Unemployment claim made in Scott Peterson's name

California Prosecutors Claim Murderers—Including Scott Peterson—Received Unemployment Benefits

In some cases, prosecutors were tipped off by listening in on recorded phone calls from prison as inmates bragged about how they were gaming the system to collect unemployment benefits.

The district attorneys were witnessed claiming, that it is "the most significant fraud on taxpayer funds in California history".

Schubert listed a number of inmates there who had claims filed in their names, including Stayner, convicted of killing four people in or near Yosemite National Park in 1999; Susan Eubanks, a San Diego woman convicted of shooting her four sons to death in 1997; Isauro Aguirre, who was sentenced to death for the 2013 murder of 8-year-old Gabriel Fernandez in Los Angeles; and Wesley Shermantine, part of the duo dubbed the "Speed Freak Killers" for their meth-induced killing rampage in the 1980s and '90s.

The scandal comes as Covid has wreaked havoc on the state's overcrowded prison system, infecting more than 19,000 incarcerated people and killing 85.

Prosecutors across California are claiming there is a widespread pattern of unemployment benefit fraud involving people locked away behind bars.

They added that California's Employment Development Department added to the problem by not checking unemployment claims against a list of prison inmates, as many other states do.

EDD is working with the US Department of Labor and Office of Inspector General on cross-matching with inmates to identify suspect claims, EDD spokeswoman Loree Levy told CNN. They said there are 58 county jails with additional hundreds of millions of dollars in fraudulent unemployment claims.

Signs of the fraud have apparently popped up in many places, and San Mateo County DA Steve Wagstaffe already charged 21 inmates with defrauding the EDD back in September.

"While we have made improvements, we need to do more", Newsom said.

"In my almost four decades as a prosecutor in this state, I have never seen fraud of this magnitude", Kern County District Attorney Cynthia Zimmer said.

A rash of fraudulent pandemic unemployment claims filed under the names of jail and prison inmates, including more than 100 on death row, has bilked California out of hundreds of millions of dollars, a law enforcement task force said Tuesday.

"And with this fraud means that victims that have been victimized by these inmates aren't getting the restitution that they so deservedly have been owed", said Schubert.

"They are not making any accusations against Scott at all at this point", attorney Pat Harris said.

The investigator ran names through the Employment Development Department and found matches.
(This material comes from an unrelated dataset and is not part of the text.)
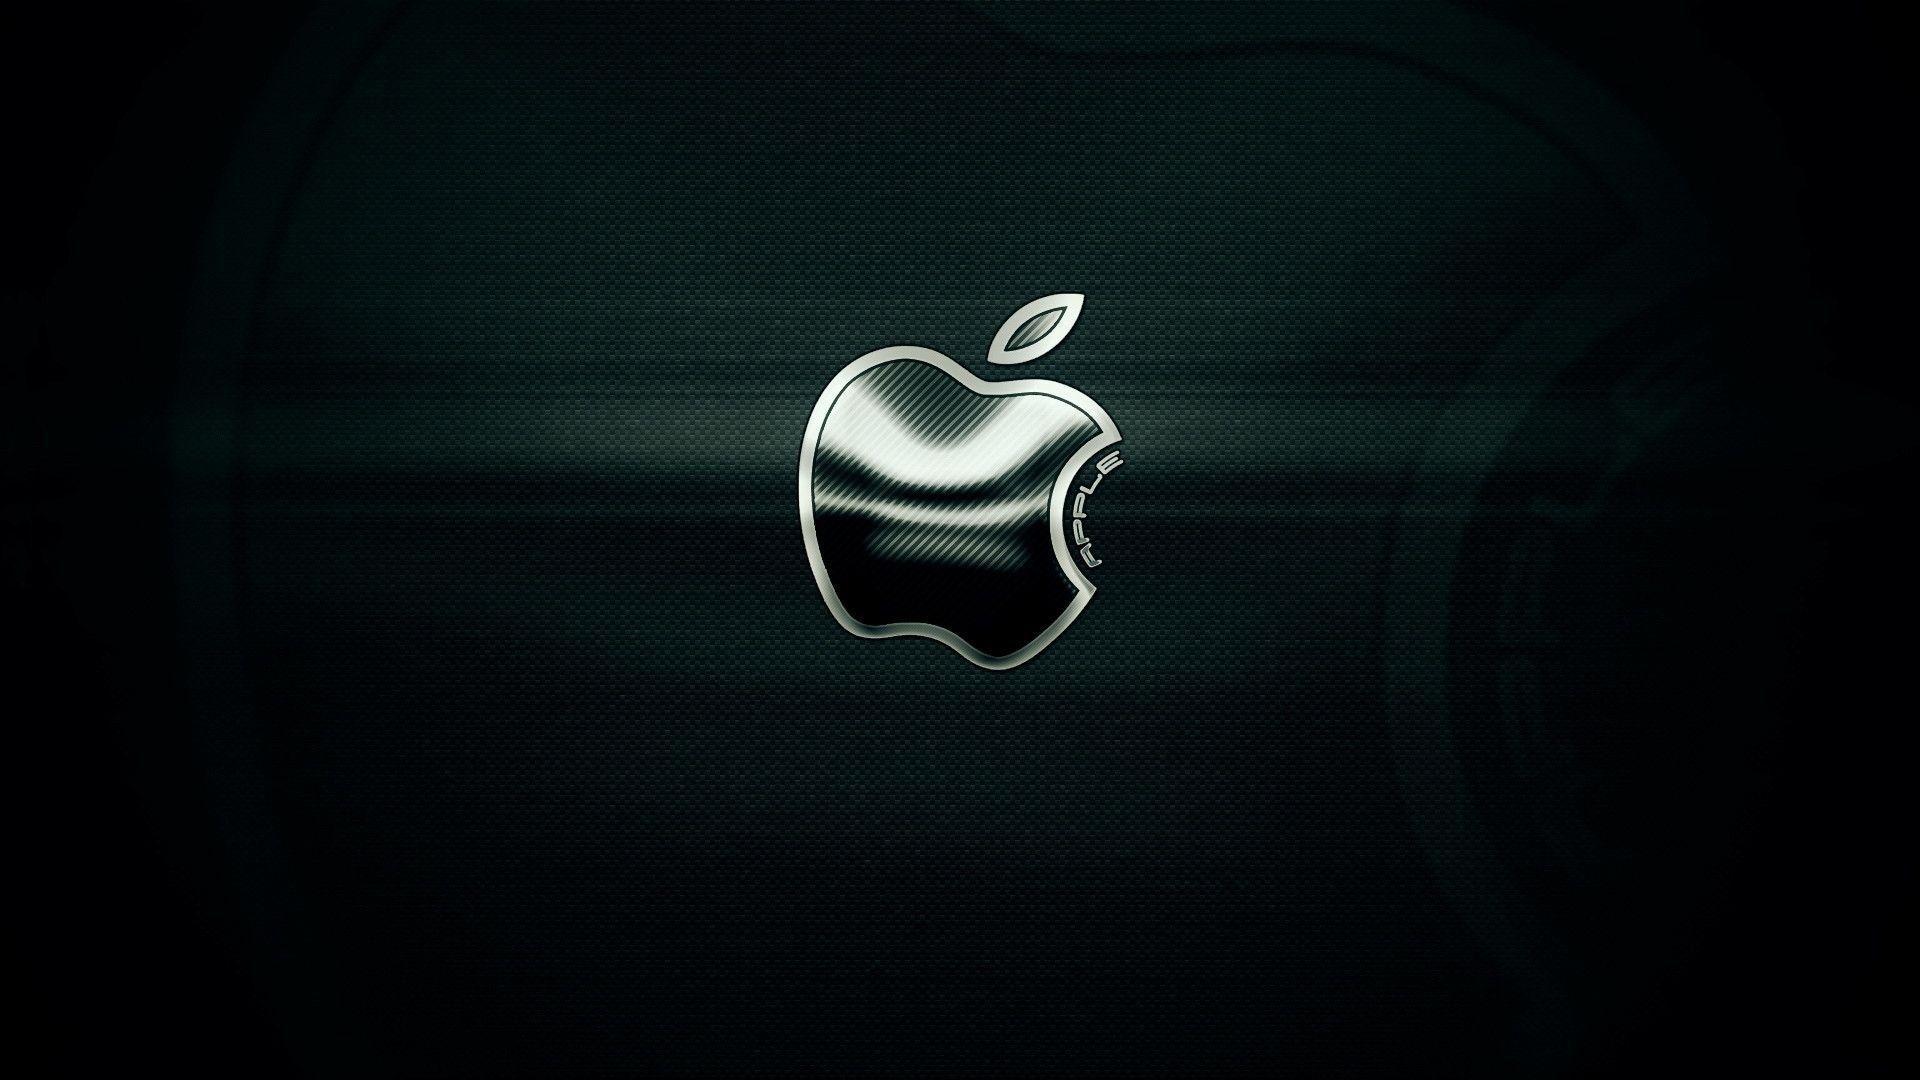 Wallpaper.wiki Apple 3D Logo Background HD PIC WPD003888. Wallpaper

Investigations are ongoing, but there may be as much as $500 million involved in the fraud in San Mateo alone, Wagstaffe said.

However, inmates have been able to circumvent that process by requesting help from people outside of the prison system. District Attorney Cynthia Zimmer said she anticipates "many, many more".

"This is federal money at the end of the day", Scott said.

The fraud scheme is "rampant" in county jails, too, prosecutors said. He estimated "thousands at federal penitentiaries have likewise undertaken this fraud". Other times, they would use fake names, as well as fake Social Security numbers.

Numerous claims used prisoners' real names, addresses and social security numbers to obtain debit cards sent to homes across California and other U.S. states under pandemic unemployment relief schemes.

Newsom responded with a statement later Tuesday calling the fraud "absolutely unacceptable" and pledging to "direct as many resources as needed to investigate and resolve this issue speedily".